From the records below, please print only the lines from the one containing "Reb Skylarker" through the one containing "処分した天才崩壊IPR-3(アイピーアールスリー) ビューティーストーン", both included. Skip the pictures.

The input
BEGIN
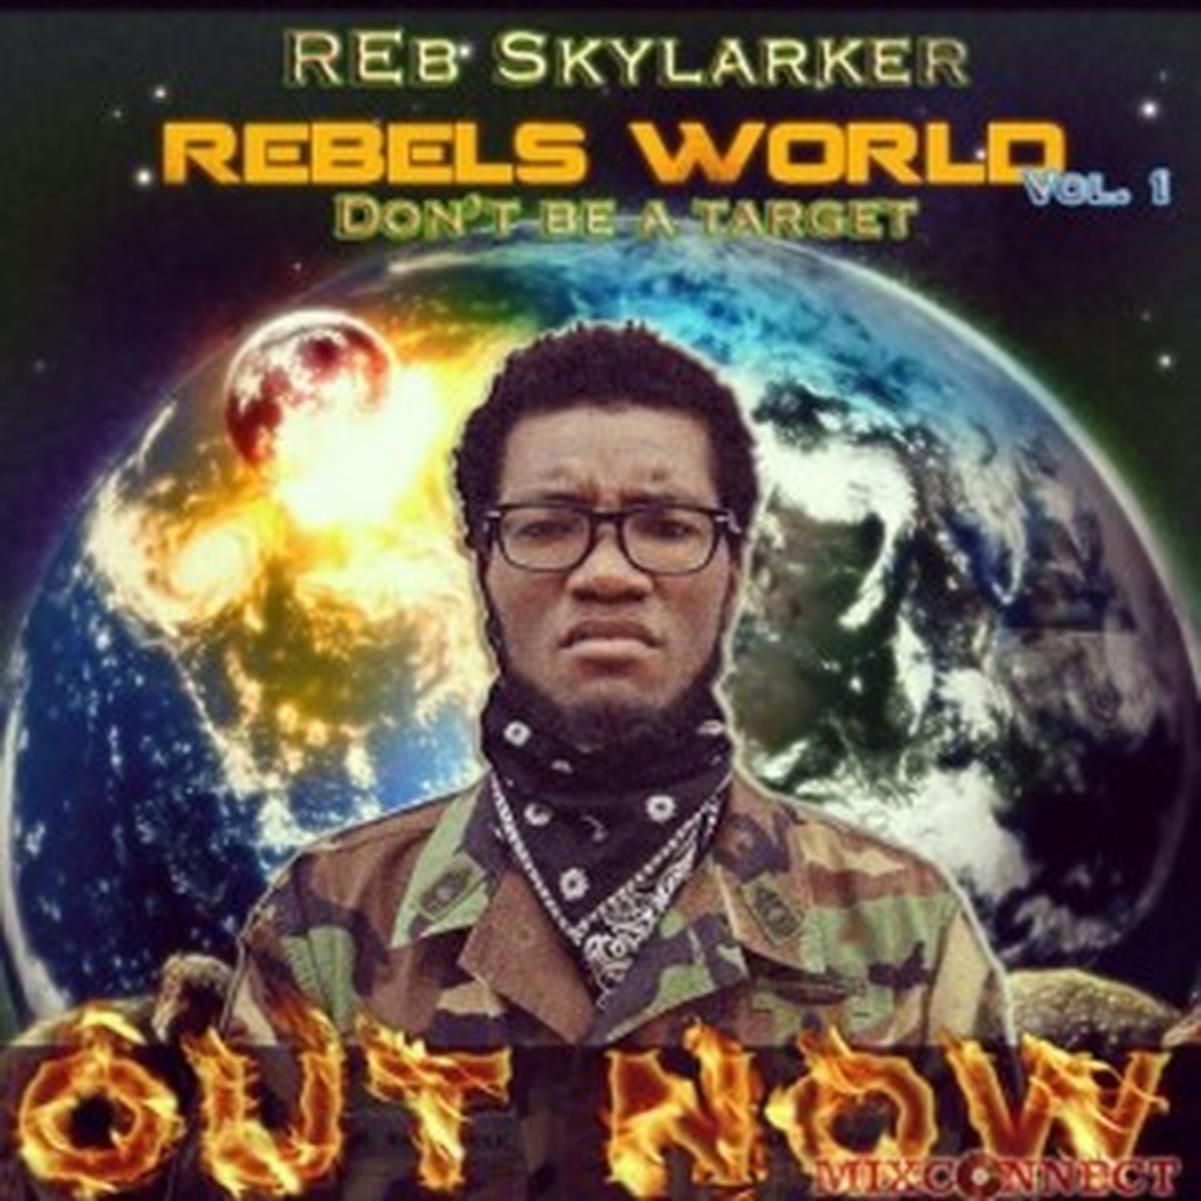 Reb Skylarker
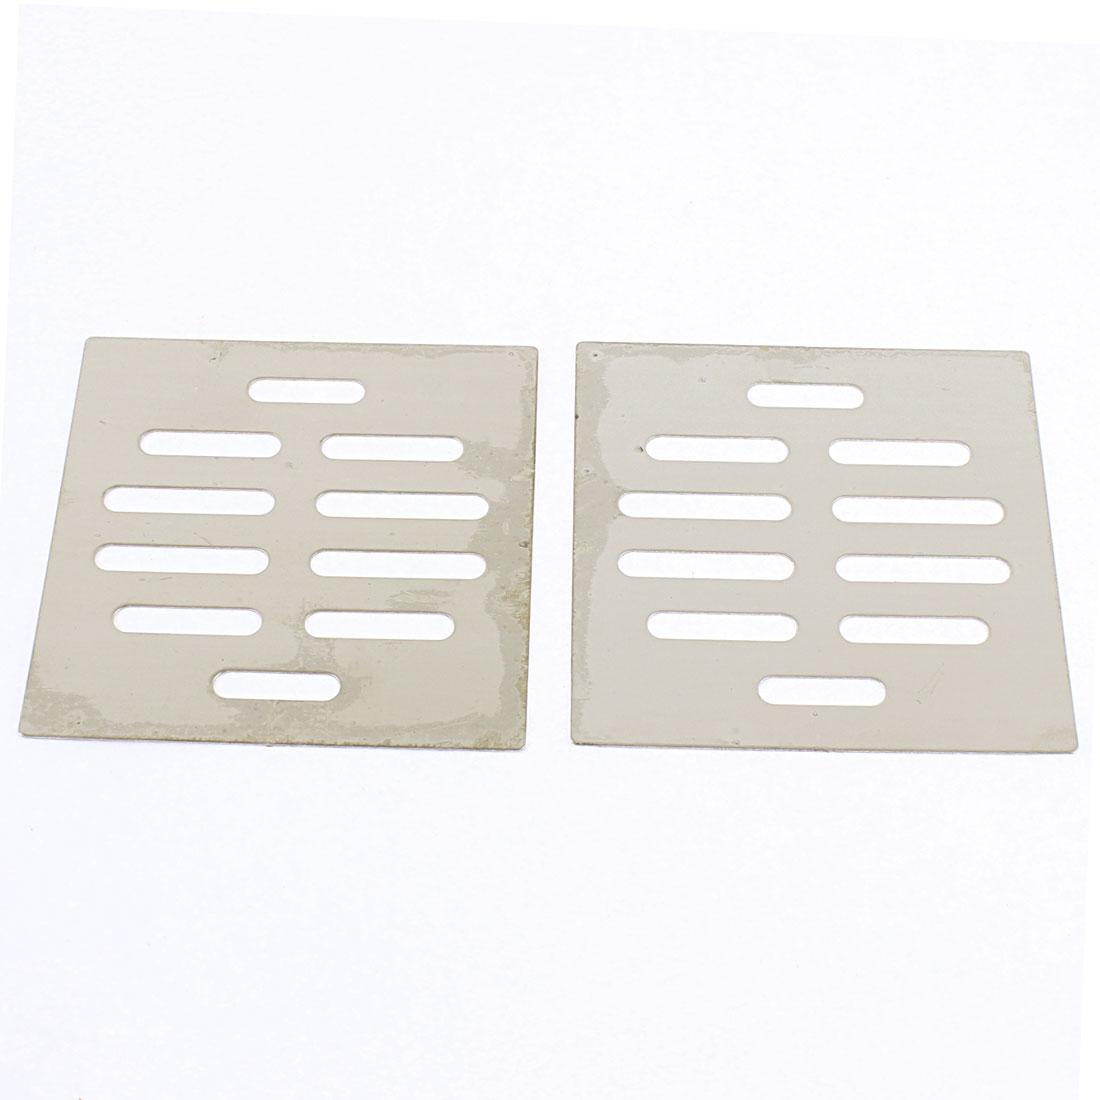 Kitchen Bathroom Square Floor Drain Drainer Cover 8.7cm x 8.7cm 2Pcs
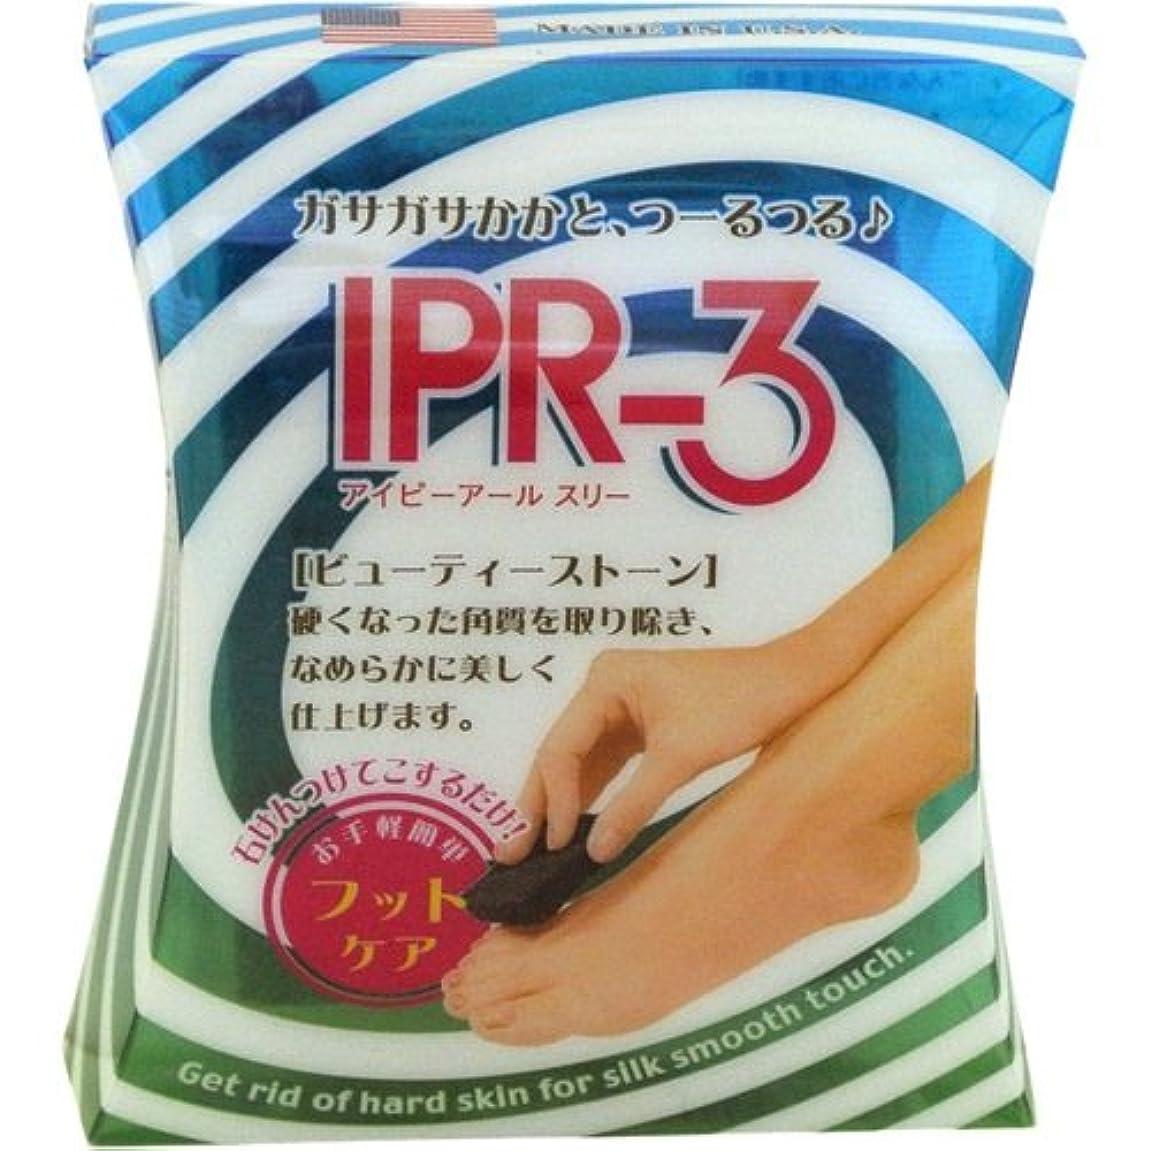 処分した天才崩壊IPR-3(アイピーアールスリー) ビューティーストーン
END
BEGIN
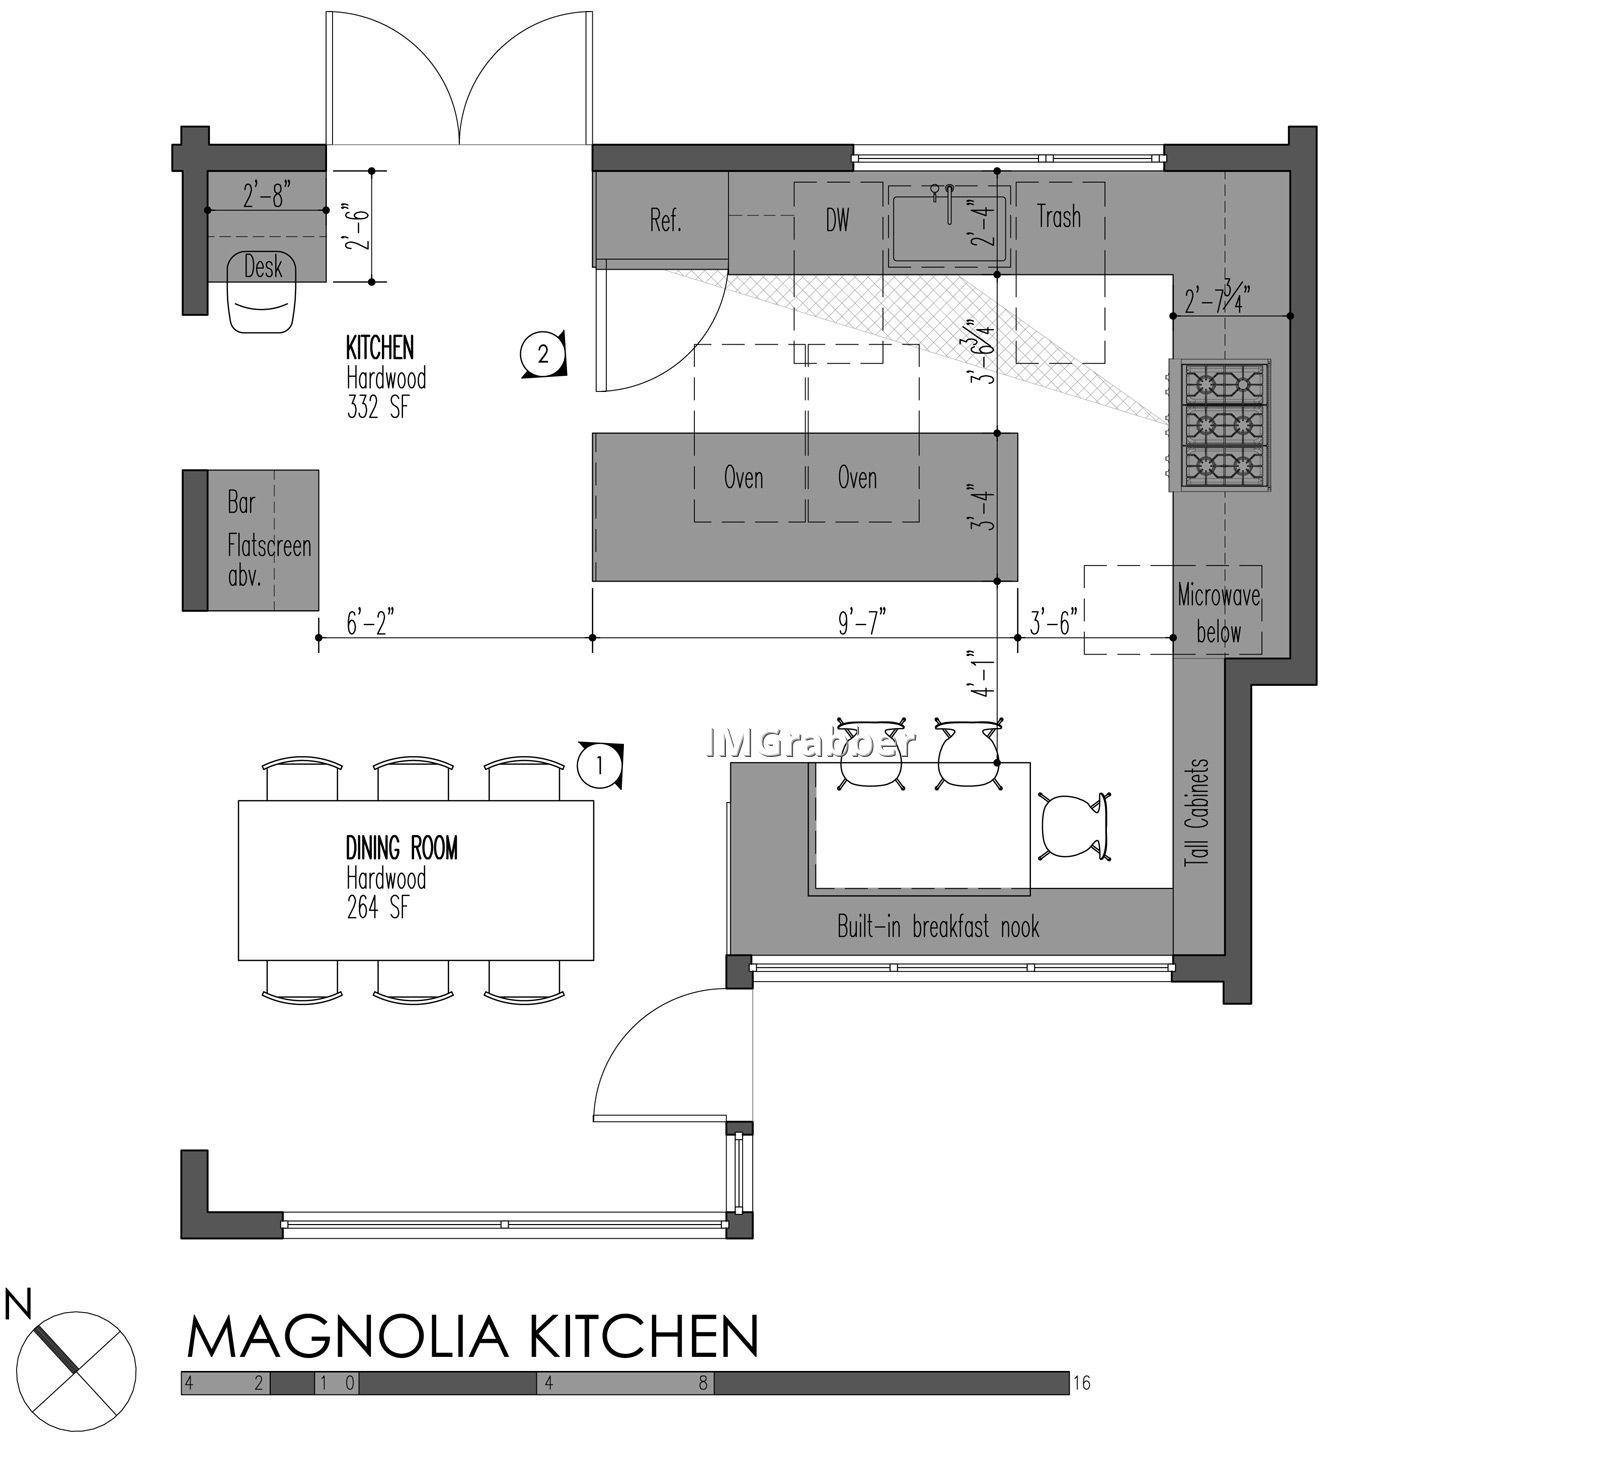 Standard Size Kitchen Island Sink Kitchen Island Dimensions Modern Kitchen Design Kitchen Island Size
END
Answer area
 Reb Skylarker
 Kitchen Bathroom Square Floor Drain Drainer Cover 8.7cm x 8.7cm 2Pcs
 処分した天才崩壊IPR-3(アイピーアールスリー) ビューティーストーン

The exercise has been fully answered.